Economic Geography - Measures of Central Tendency and Trade Areas

Image: Flag of California

Retail Site Location

This lab will introduce you to two additional techniques that may prove useful as tools for determining the optimum retail site location for some business.

First you will be introduced to several measures of central tendency...or average location and secondarily to another tool that may help determine logical trade areas for individual businesses or operations.

Background - Measures Spatial Central Tendency

You have no doubt calculated the average for a set of numbers in grade school or junior high. You may recall calculating means, modes and medians. Geographers are also interested in calculating these figures, but geographers do so with spatial data and so the formulas look slightly different.

Perhaps the most basic measure of central tendency is the Mean Center. It's calculated much the same way as a numerical average, but instead you would use coordinate points.
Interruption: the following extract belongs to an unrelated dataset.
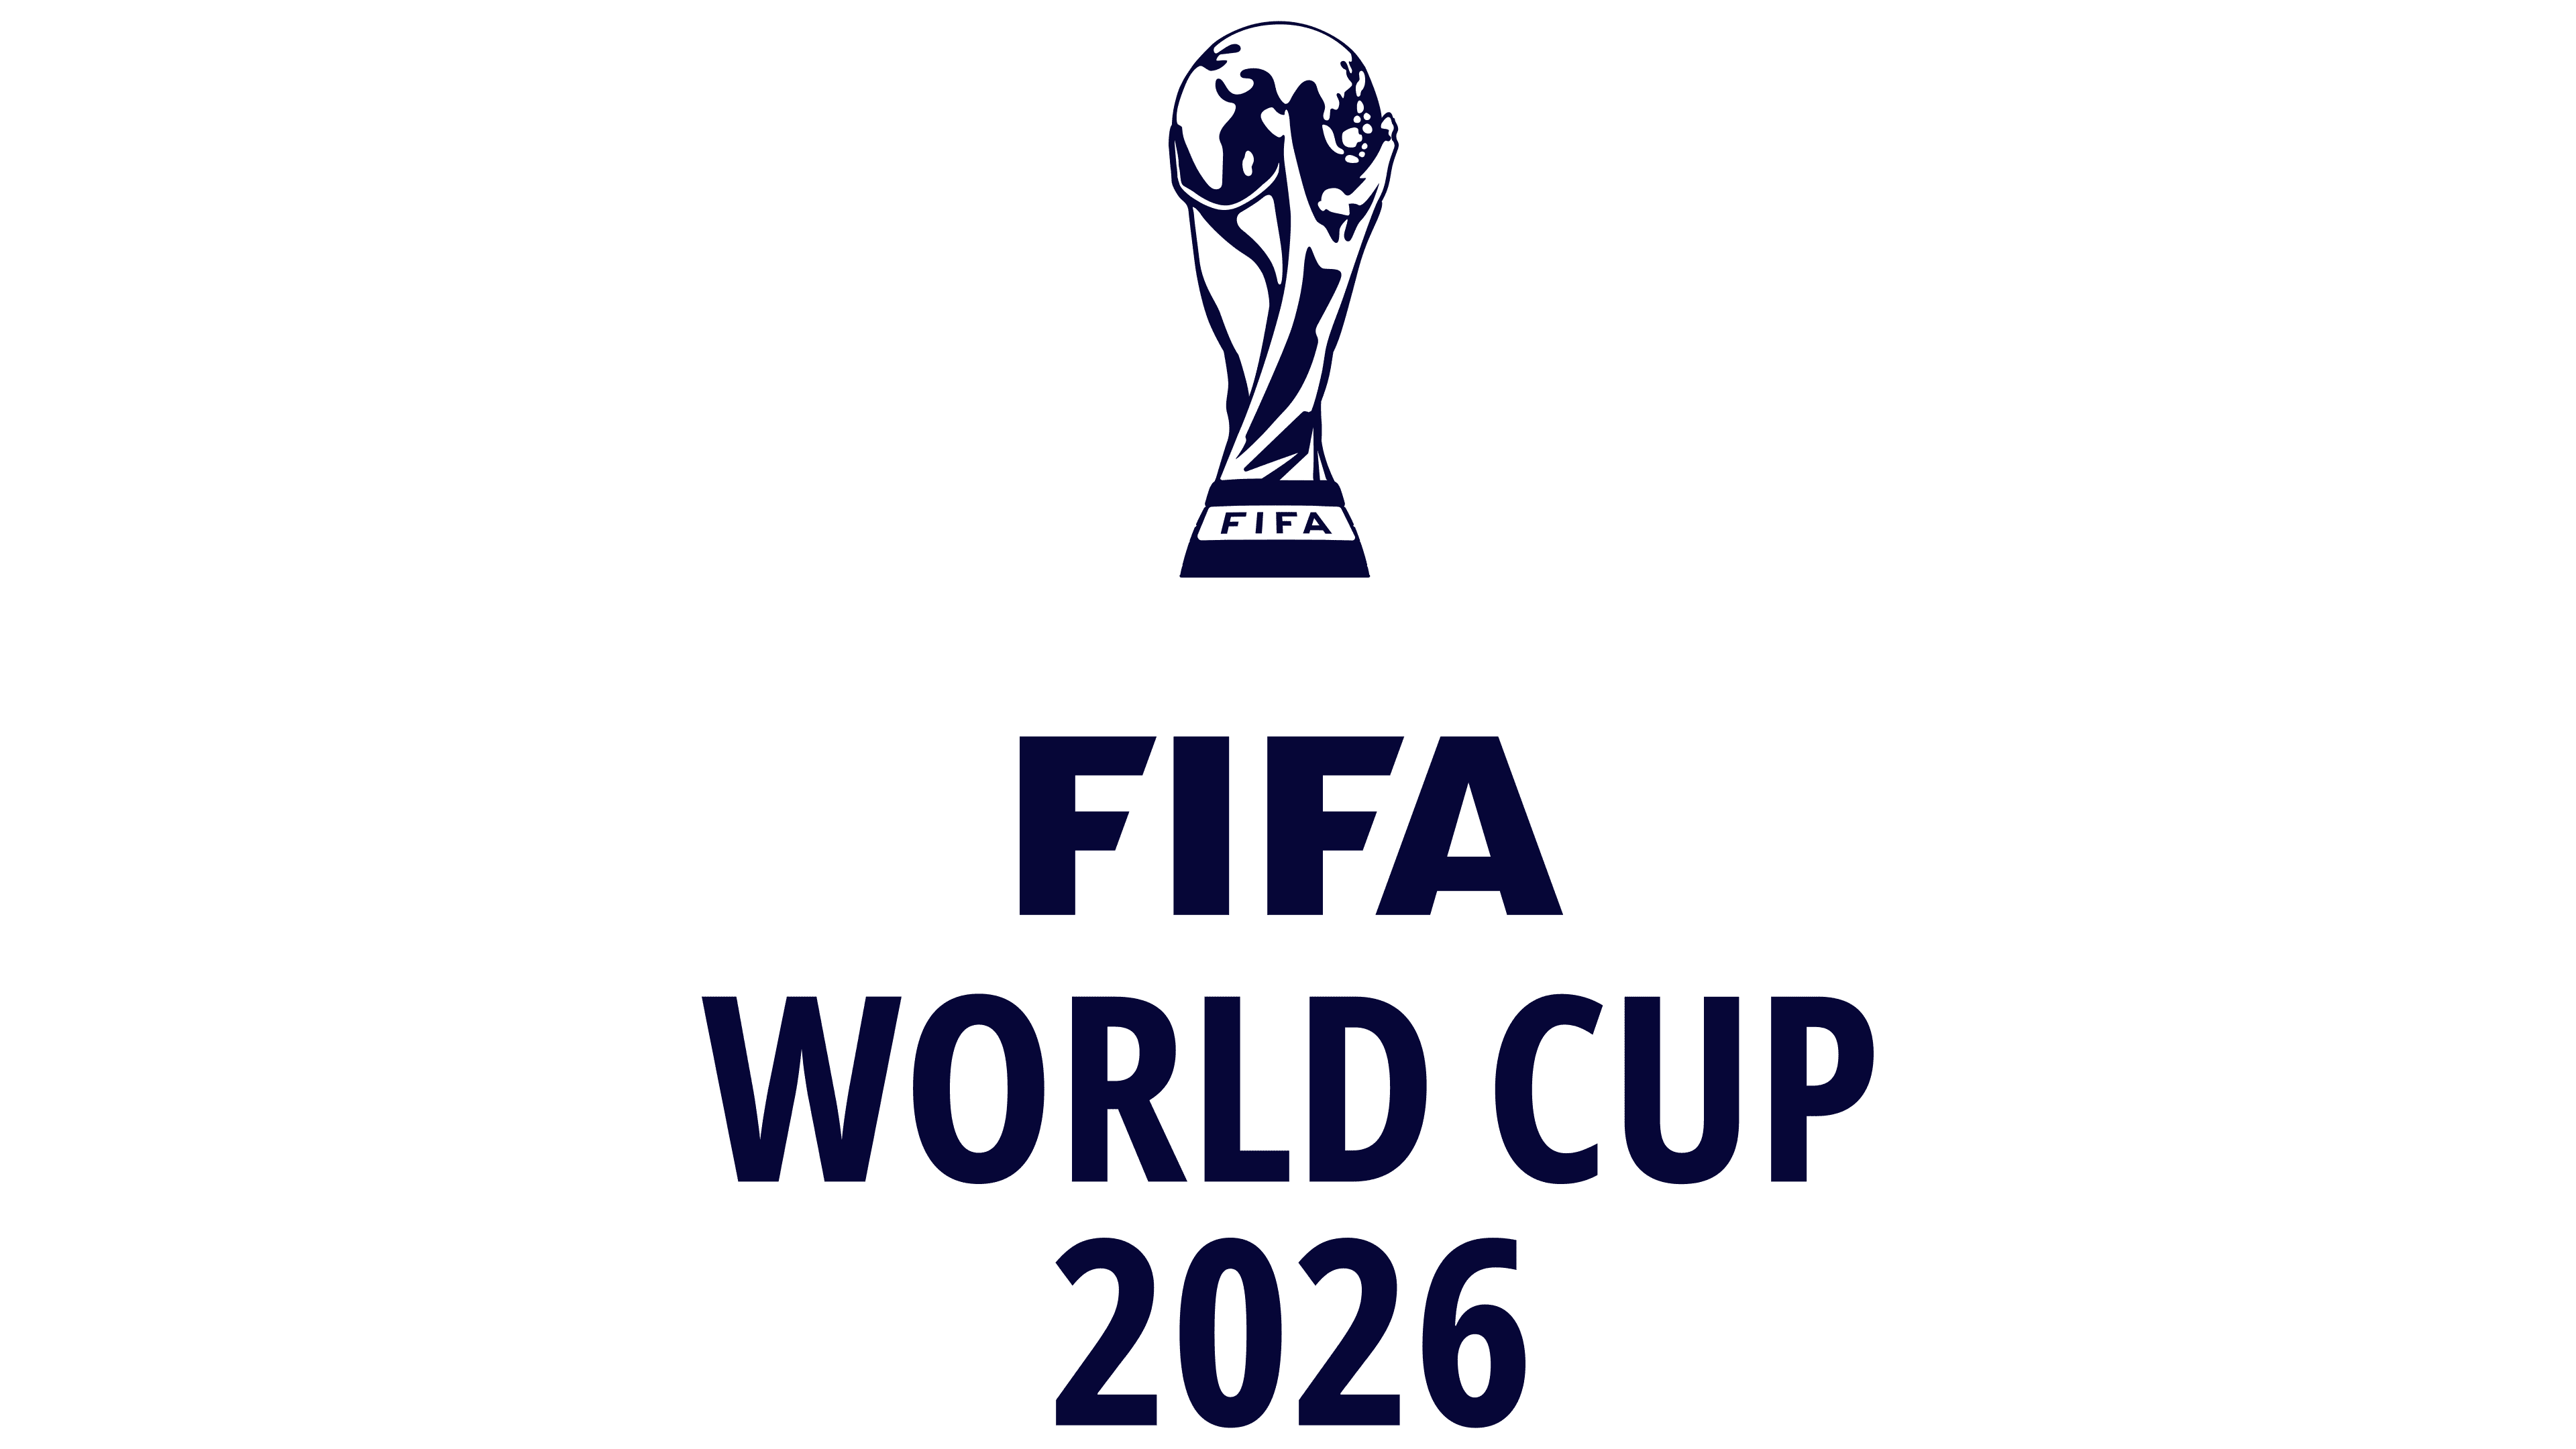 FIFA World Cup Logo And Symbol, Meaning, History, PNG,, 45% OFF

Xc= Sum of Xi/n and Yc= Sum of Yi/n

where:
Xc = Mean of all X coordinate points (Xi's - like latitudes)
Yc= Mean of all Y coordiates points (Yi's - like longitudes)
n = number of observations (or points)

One could use this formula to find the average position among a group of points. Be warned though, the result produced by this formula can be highly affected by outliers, or points that are far away from the rest.


Frequently, geographers add "weights" to this formula, because all points may not be equal. There may be different populations or frequency of events at these points and such additional data is important. This is called a Weighted Mean Center. The formula would be transformed and would appear as:

Xwc= (Sum of Xi*w)/(Sum of w's) and Ywc= (Sum of Yi*w)/(Sum of w's)

where:
Xwc = Weighted Mean of all X coordinate points (Xi's - like latitudes)
Ywc= Weighted Mean of all Y coordiates points (Yi's - like longitudes)
W = weights (like population, customers, or freqency of events at the point)

The figure below is from the ESRI software you'll be using for this lab.

Mean Center Formulas

Task

You have a craving for doughnuts that won't go away. EVERY STINKING day, you wake up like some out-of-control Homer Simpson, wanting doughnuts, but you can't stand to eat doughnuts from the same shop everyday. You need to be adventurous. You would probably start on some cross-country journey of doughnut discovery, but you've got this horrible "college" thing to deal with first. Luckily, there are loads of doughnut shops in the San Fernando Valley where you attend college. Because you are a geography major, you've already mapped out the doughnut shops throughout the valley. What you need to do is to find where best to look for an apartment...a home-base from which you can prowl for doughnuts. It will have to be centrally located, because you don't want to spend too much time each day driving for doughnuts...and you're environmentally conscious!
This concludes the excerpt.